Las Vegas Review-Journal

Supreme Court to rule on collecting sales tax online

- By Jessica Gresko The Associated Press

WASHINGTON — Sales Tax: $0. Online shoppers have gotten used to seeing that line on checkout screens before they click “purchase.” But a case before the Supreme Court could change that.

At issue is a rule stemming from two decades-old Supreme Court cases: If a business is shipping to a state where it doesn’t have an office, warehouse or other physical presence, it doesn’t have to collect the state’s sales tax.

That means large retailers such as Apple, Macy’s, Target and Walmart, which have brick-and-mortar stores nationwide, collect sales tax from customers who buy from them online. But other online sellers, from 1-800 Contacts to home goods site Wayfair, can sidestep charging the tax.
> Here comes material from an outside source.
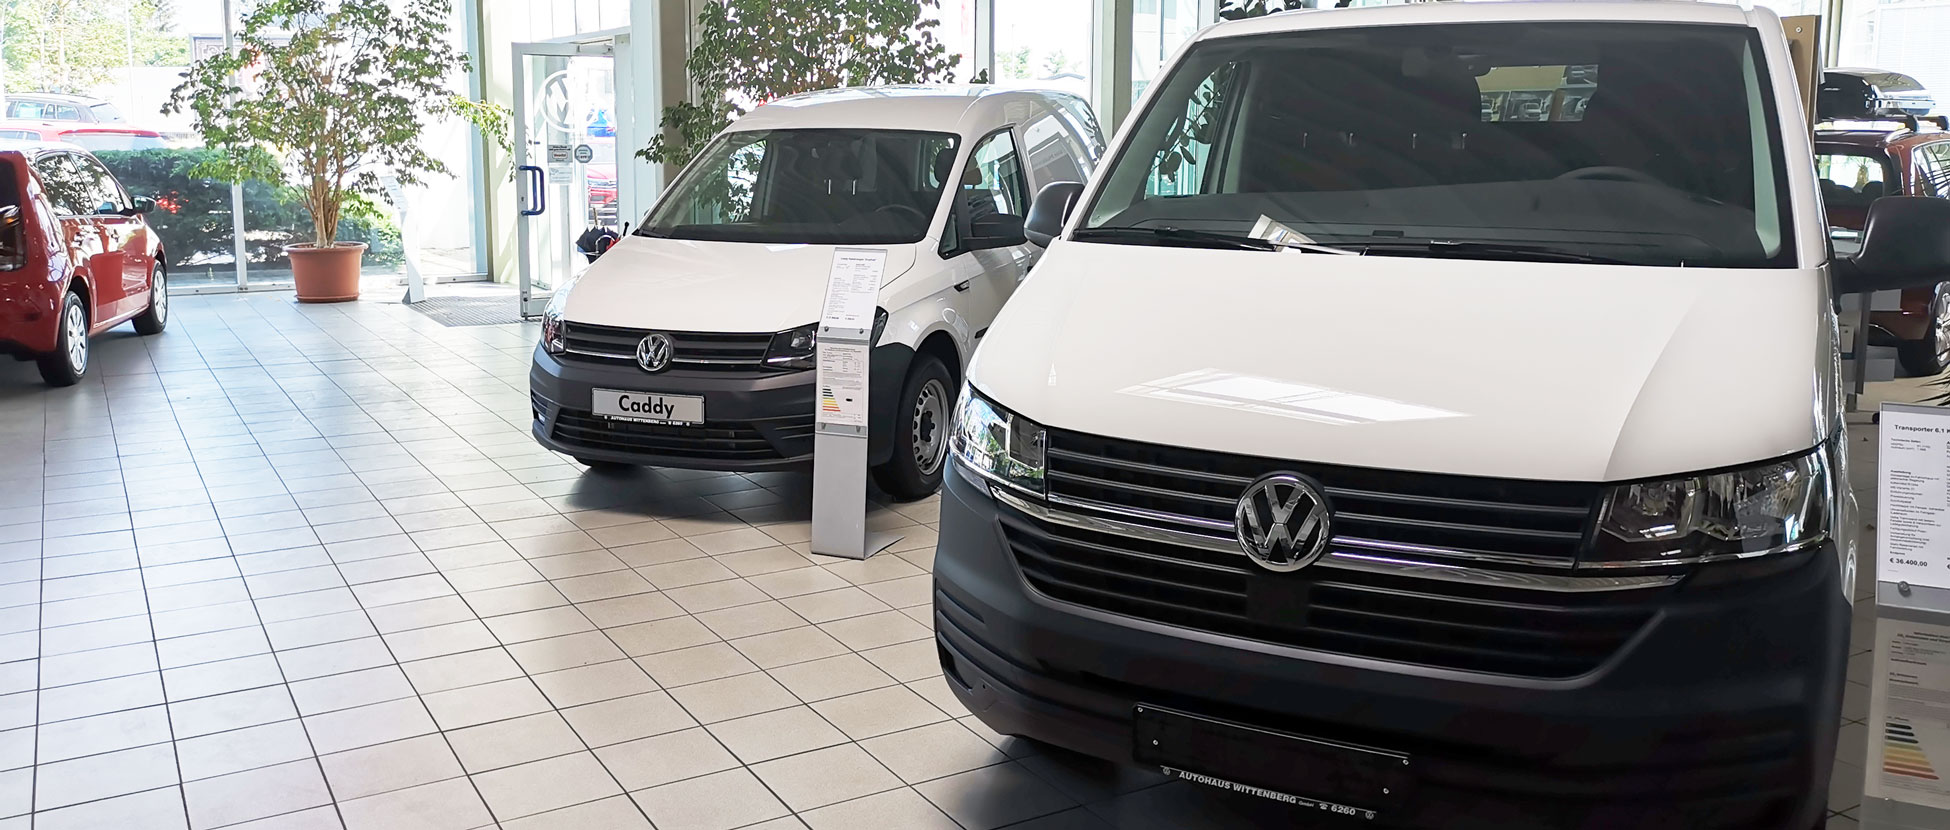 Volkswagen Nutzfahrzeuge Service Partner in Wittenberg

More than 40 states are asking the Supreme Court to reconsider that rule in a case being argued Tuesday. They say that they are losing out on “billions of dollars in tax revenue each year, requiring cuts to critical government programs,” and that their losses compound as online shopping grows. But small businesses that sell online say the complexity and expense of collecting taxes nationwide could drive them out of business.

Large retailers want all businesses to “be playing by the same set of rules,” said Deborah White, the president of the litigation arm of the Retail Industry Leaders Associatio­n.

The case now before the Supreme Court could affect third-party Amazon sellers and many other sellers that don’t collect taxes in all states.